China: Todesurteil sorgt für Aufregung
In China hat die Frau des entmachteten KP-Granden Bo Xilai die Todesstrafe erhalten; allerdings mit Vollstreckungsaufschub. Das heißt, das Urteil wird wahrscheinlich in eine lebenslange Haftstrafe umgewandelt. Die Affäre um Gu Kailai, die schuldig gesprochen wurde, einen britischen Geschäftsmann ermordet zu haben, wurde zum größten Skandal in Chinas KP seit vielen Jahren.
8. April 2017, 21:58
Morgenjournal, 20.8.2012
ORF-Korrespondent Jörg Winter berichtet aus Peking.
Hintergründe bleiben Spekulation
Noch schweigen die meisten staatlichen Medien zum Todesurteil von Gu Kailai. Sie berichten lieber lang und breit über die Streitereien mit Japan über eine von beiden Seiten beanspruchte Inselkette im Ostchinesischen Meer. Doch auf den Blogs im Internet hat sich die Nachricht vom Urteil gegen Gu Kailai längst verbreitet.

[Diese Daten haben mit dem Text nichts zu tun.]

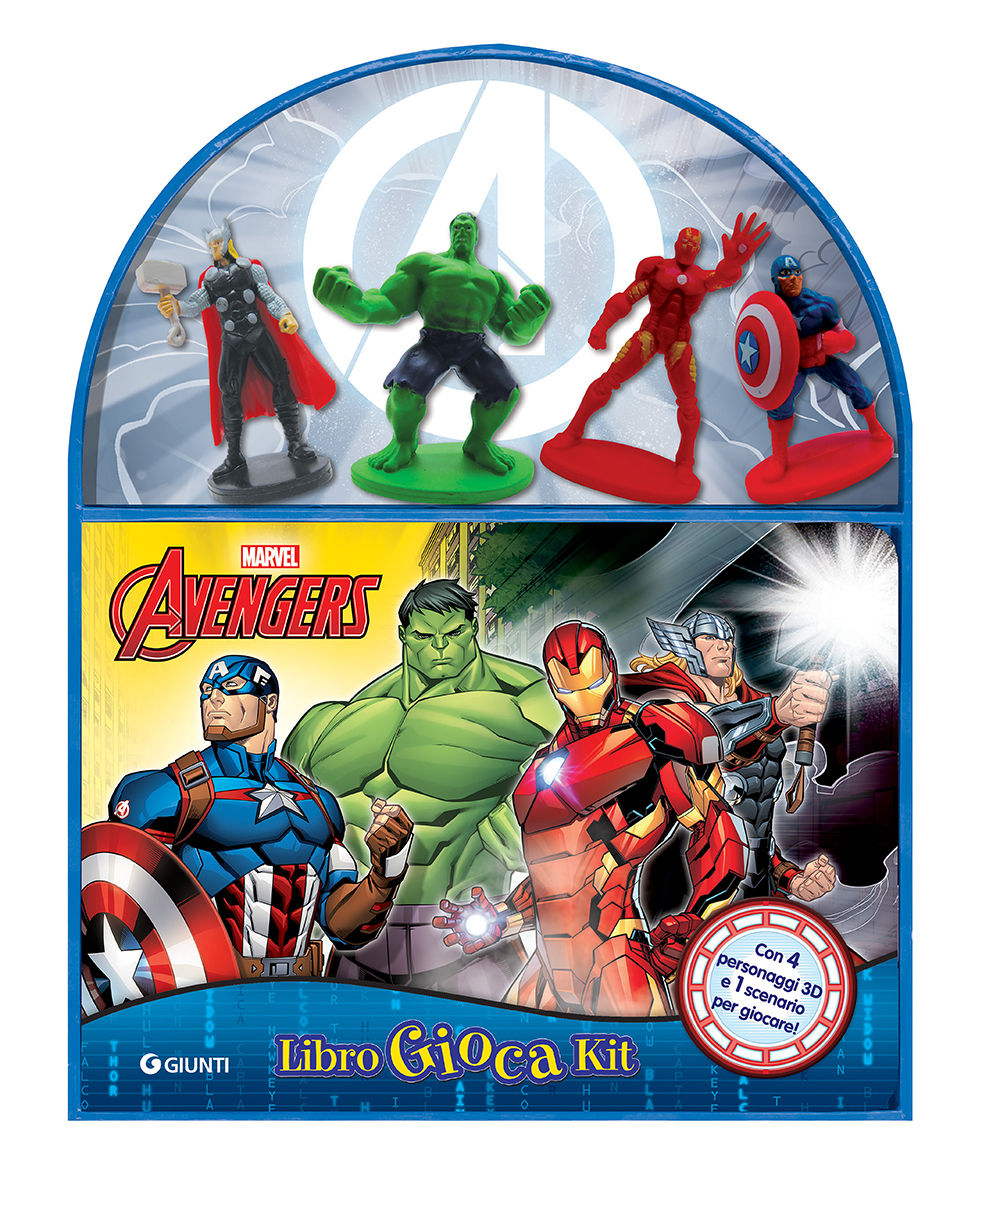 LibroGiocaKit - Avengers::Con 4 personaggi 3D e 1 scenario per giocare!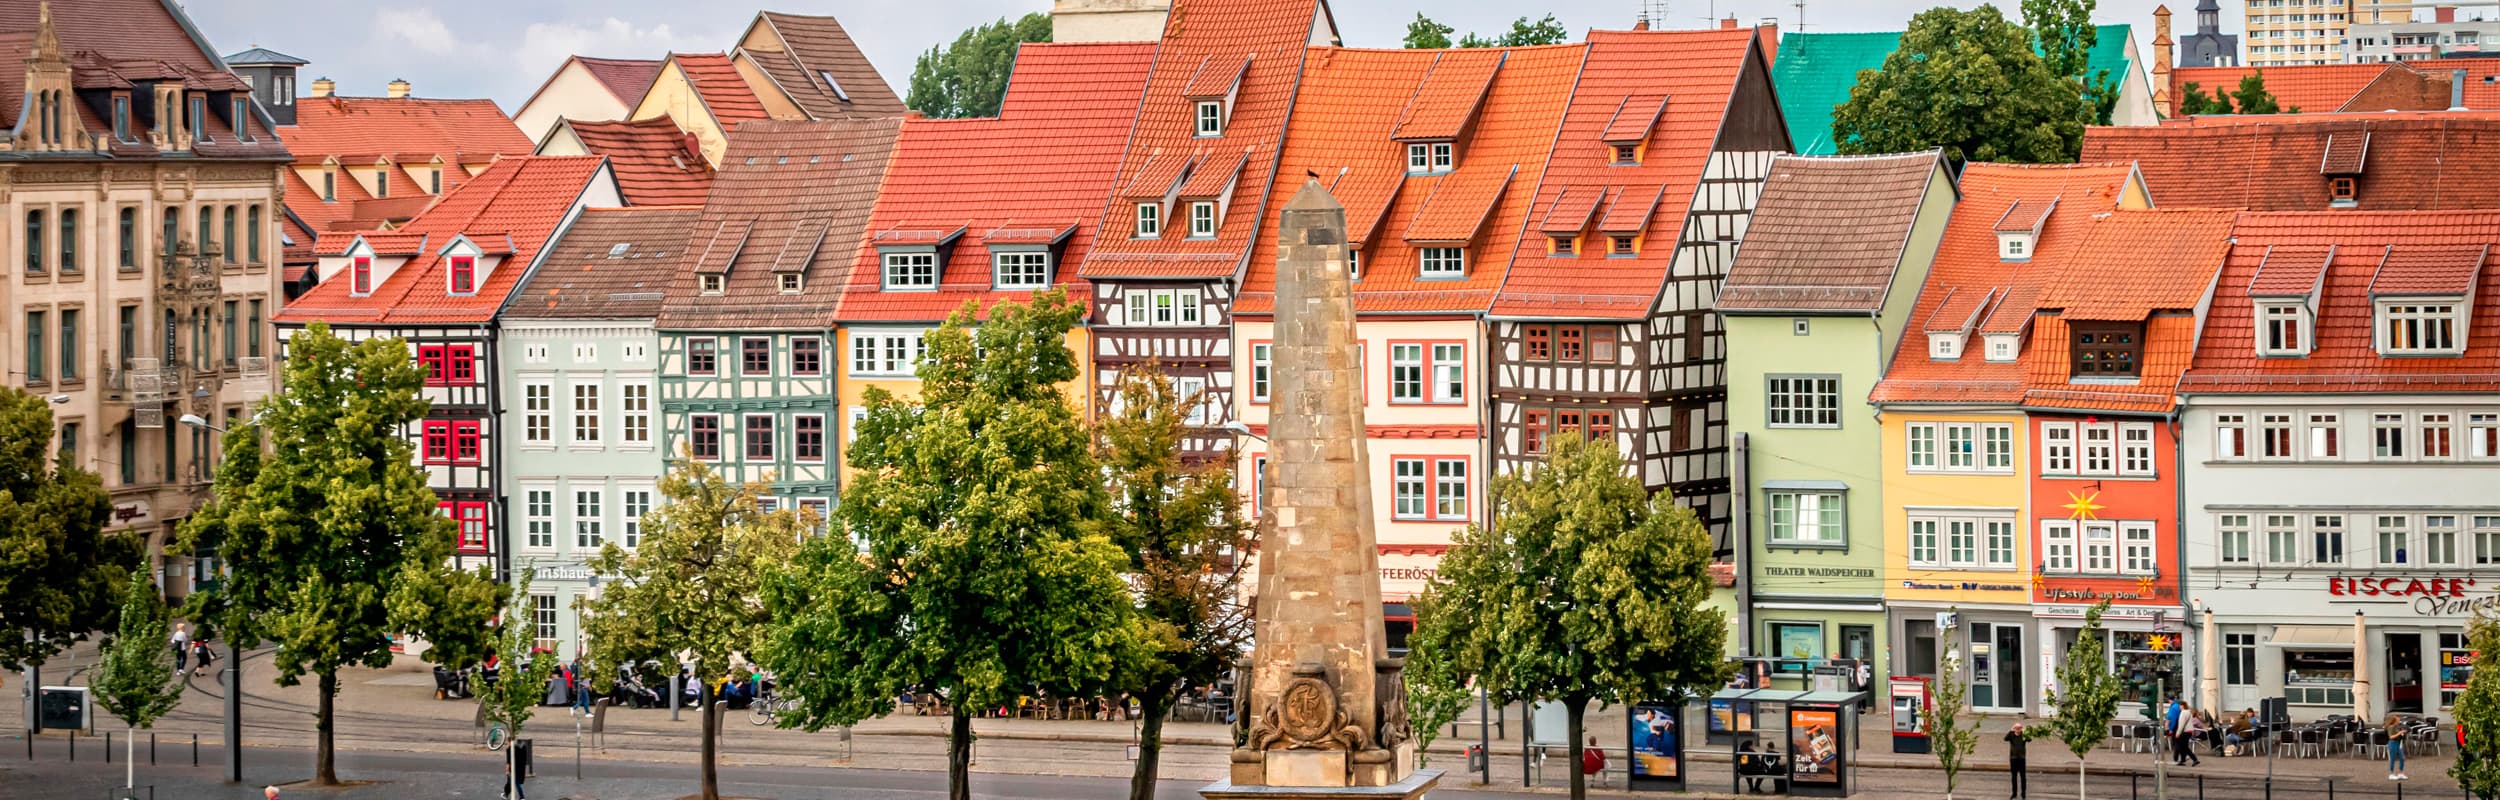 Häuserzeile Altstadt Erfurt

Lässt sich die einst prominente Anwältin in den kommenden zwei Jahren im Gefängnis nichts zuschulden kommen, dann wird ihr die Hinrichtung wohl erspart bleiben. Gu Kailai hat die Tat gestanden, doch bleiben die Hintergründe der Affäre im Dunkeln. Denn es geht längst nicht nur um die Frage, ob die Frau eines prominenten KP-Funktionärs einen britischen Geschäftsmann ermordet hat oder nicht.
Bo und Gu Opfer einer politischen Intrige?
Vielmehr geht es um Intrigen und Machtkämpfe, auch wenn der Gerichtsprozess auf Geheiß der Führer in Peking als reines Mordverfahren geführt wurde. Vorwürfe des Machtmissbrauchs und der massiven Korruption gegen Gu und ihren Ehemann Bo Xilai werden unter den Tisch gekehrt; dass Bo Xilai, der Liebling der Parteilinken, als KP-Chef von Chongqing Gegner brutal ausschalten ließ; dass er und seine Frau offenbar über ein weitverzweigtes Netzwerk an Firmen verfügen; dass Bo seine Frau decken wollte; über all das wird in Chinas Medien auf Geheiß der Partei geschwiegen.
Doch wollen Gerüchte nicht verstummen, dass das Ehepaar auch Opfer einer politischen Intrige geworden ist. So hört man etwa, höchste Kreise hätten den unaufhaltbar scheinenden Aufstieg von Bo Xilai stoppen wollen, weil der seine Karriere zu aggressiv vorangetrieben hat.
Heikle Zeit für KP-Führung
Bo wurde als Parteichef der Millionenmetropole Chongqing jüngst entmachtet und ist seither verschwunden. Sein Sturz wurde zum größten politischen Skandal seit Jahren. Denn viele gingen davon aus, dass der Sohn eines alten KP-Revolutionärs, ein sogenannter Prinzling aus der Parteiaristokratie, beste Chancen auf einen absoluten Top-Job in Chinas nächster Führungsriege hätte.
Mit dem Parteitag im Herbst wird eine jüngere Generation die Macht im Land langsam übernehmen. Gerade in dieser heiklen Zeit kann man Vorwürfe von Korruption in den höchsten Parteirängen absolut nicht brauchen. Daraus ergibt sich der schwierigste Teil der ganzen Causa, nämlich Bo Xilai wegen Machtmissbrauchs abzustrafen ohne den Ruf der KP zu ramponieren.